Econ 107 Lab Exercise 2: Multi-variable Regression Analysis

Several Important Things

  • 1 Do Not forget attach your do-file (10 points, 6 points for do-file, 4 points for document)

  • 2 Please do not help others groups when you finished (This is a quiz)

  • 3 Check your email on my screen before you leave

Omitted Variable Bias

True model:

\[ y=\beta_0+\beta_1 x+\beta_2 z + u \]

Omitted variable model:

\[ y=\beta_0+\beta_1 x+v \]

where \( v=\beta_2 z + u \)

Omitted Variable Bias

Unbiased estimator:

\[ \hat{\beta}_1 \rightarrow \beta_1 \]

Omitted variable biased estimator:

\[ \hat{\beta}_1 \rightarrow \beta_1 + \rho_{xz}\frac{\sigma z}{\sigma x} \]

Solution

Control variable selection (choose the best subset variables):

  • 1 Do regress dependent variable on independent variable with one control variable each time.

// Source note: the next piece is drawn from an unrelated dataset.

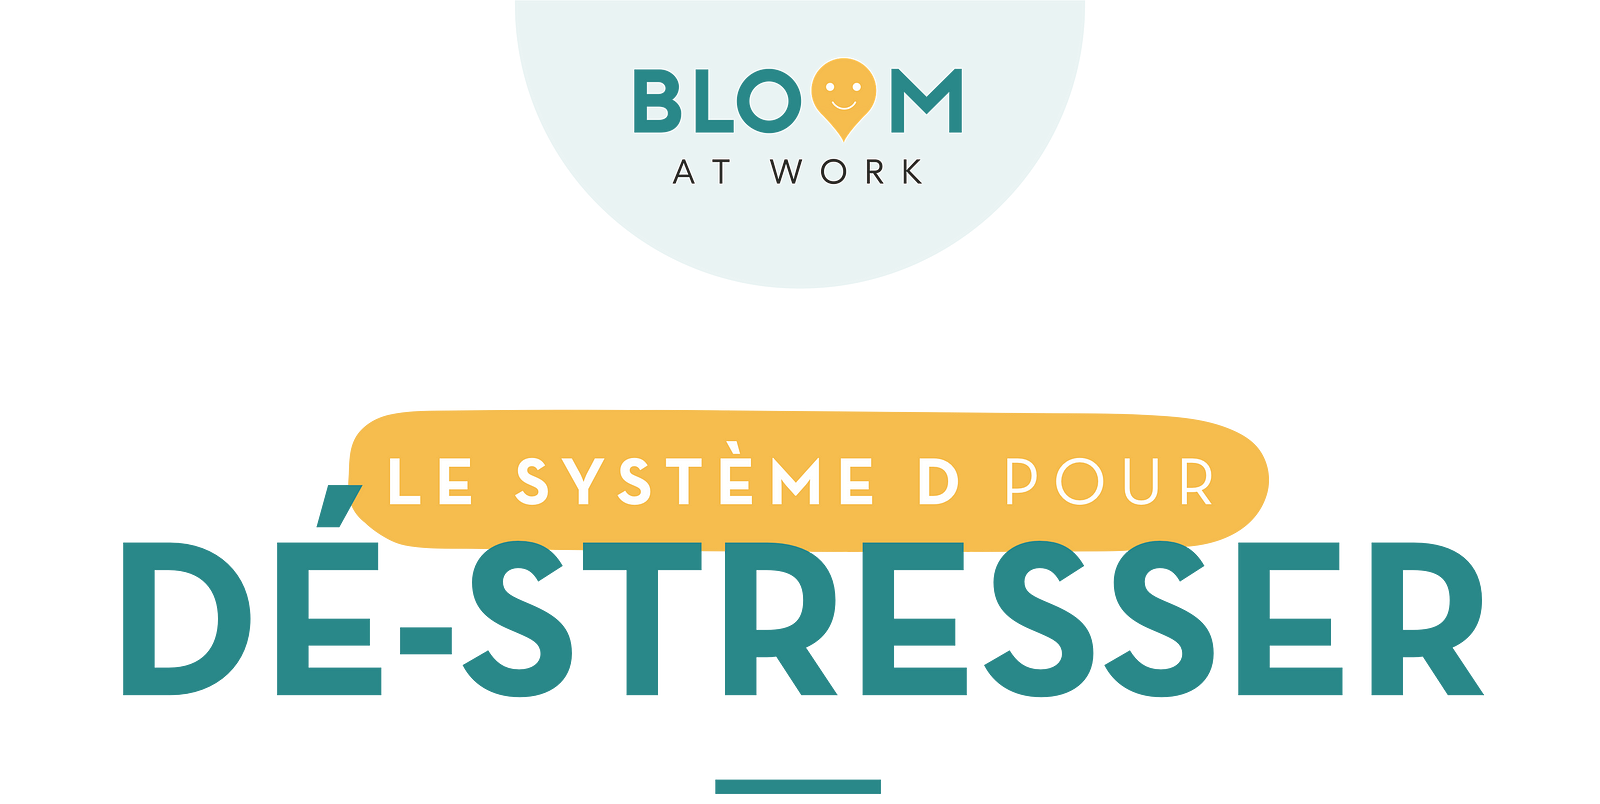 Stress au travail - l'infographie de Bloom at work

  • 2 Check the change before and after adding each control variable (compare with regression without control variable).

  • 3 Choose the control variable which has a large change.

Data set

Go to Stock and Watson textbook data website

http://wps.aw.com/aw_stock_ie_3/178/45691/11696965.cw/

\( \rightarrow \) Data for Empirical Exercises and Test Bank

\( \rightarrow \) Download College Distance Data in Stata format.

Also, you need to download the data discription to understand the meanings of all the variables in this data set.

Question Part

Does lowering the cost of higher education improve student outcomes?

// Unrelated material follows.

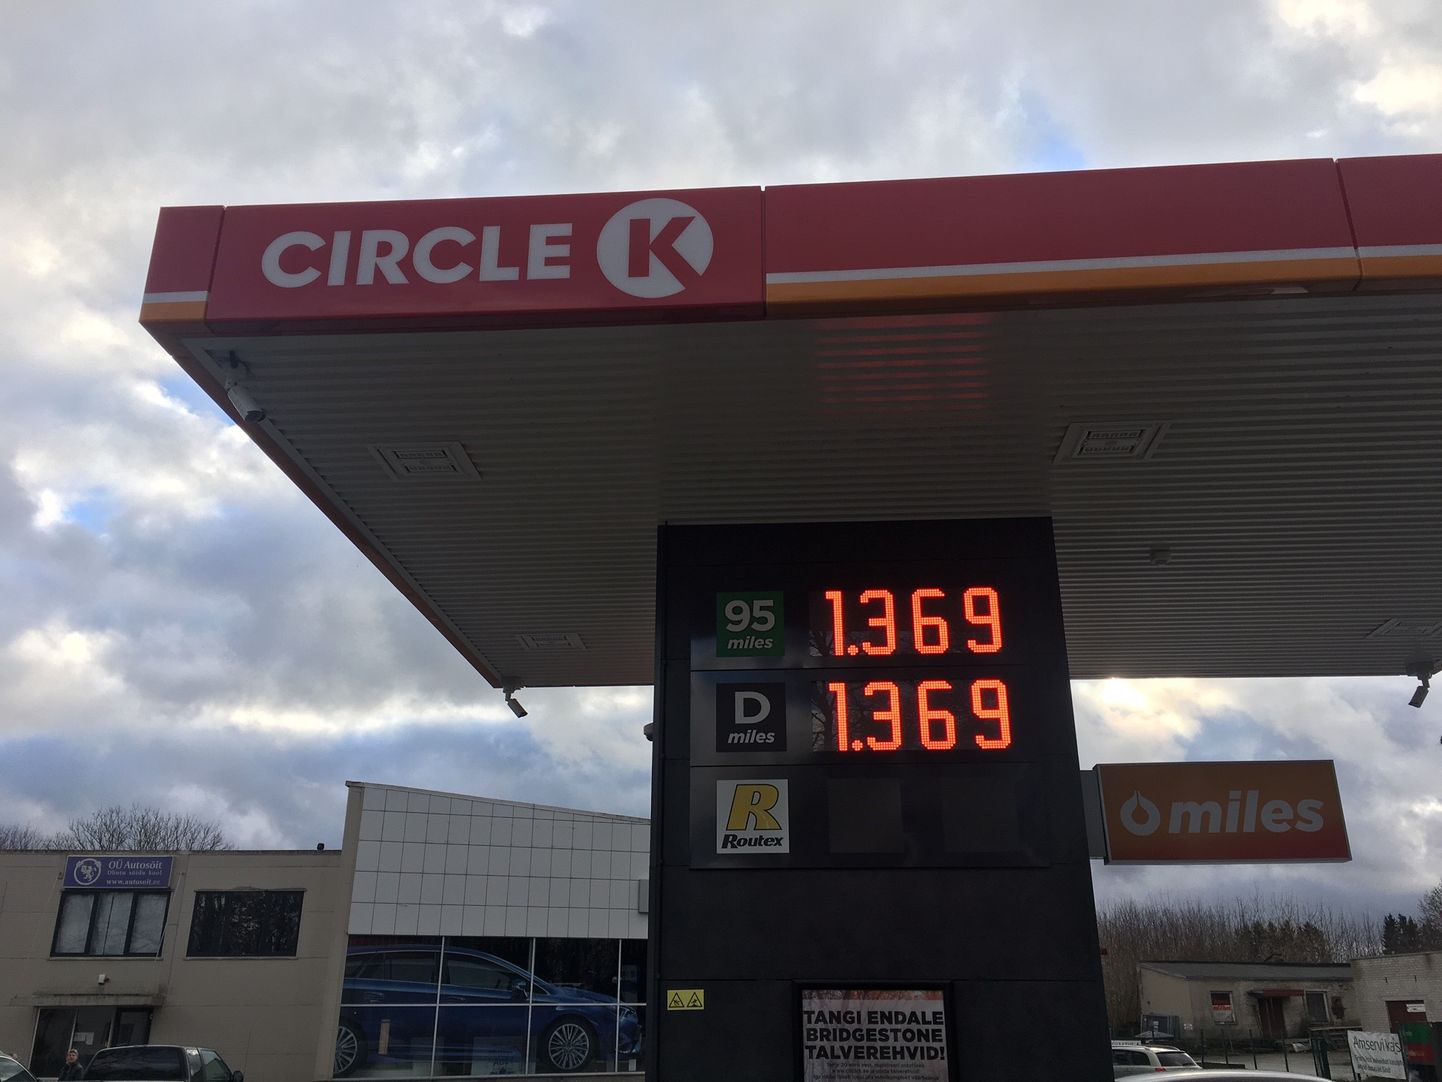 Стоимость сегодня, 3 ноября 2018, топлива на Circle K.

  • Data Analysis: Run a regression of years of completed education (ED) on distance to the nearest college (Dist), where Dist is measure in tens of miles.

  • Run multiple regressions including controls for each category of control variables (demographic characteristics, family background, etc.) and a single regression controlling for all categories at the same time. Do not throw all control variables into one regression. Instead, think about what you would like to control for and decide which variables are most appropriate to use (find 3 control variables).

Question Part

  • Output: Use the outreg2 command to create a table of results.

  • Write-Up: Does the distance from a university actually impact the years of education according to your results? In your most comprehensive regression, explain what elements remain in the error term and whether omitted variable bias exists. Argue that your estimated \( \hat{\beta}_1 \) is centered around the true \( \beta_1 \).

Do Not Forget

Email subject: 

Econ 107+Assignment name+your name+your student id

Email: Name+ID of all the group members

Assignment email: econ107lab@gmail.com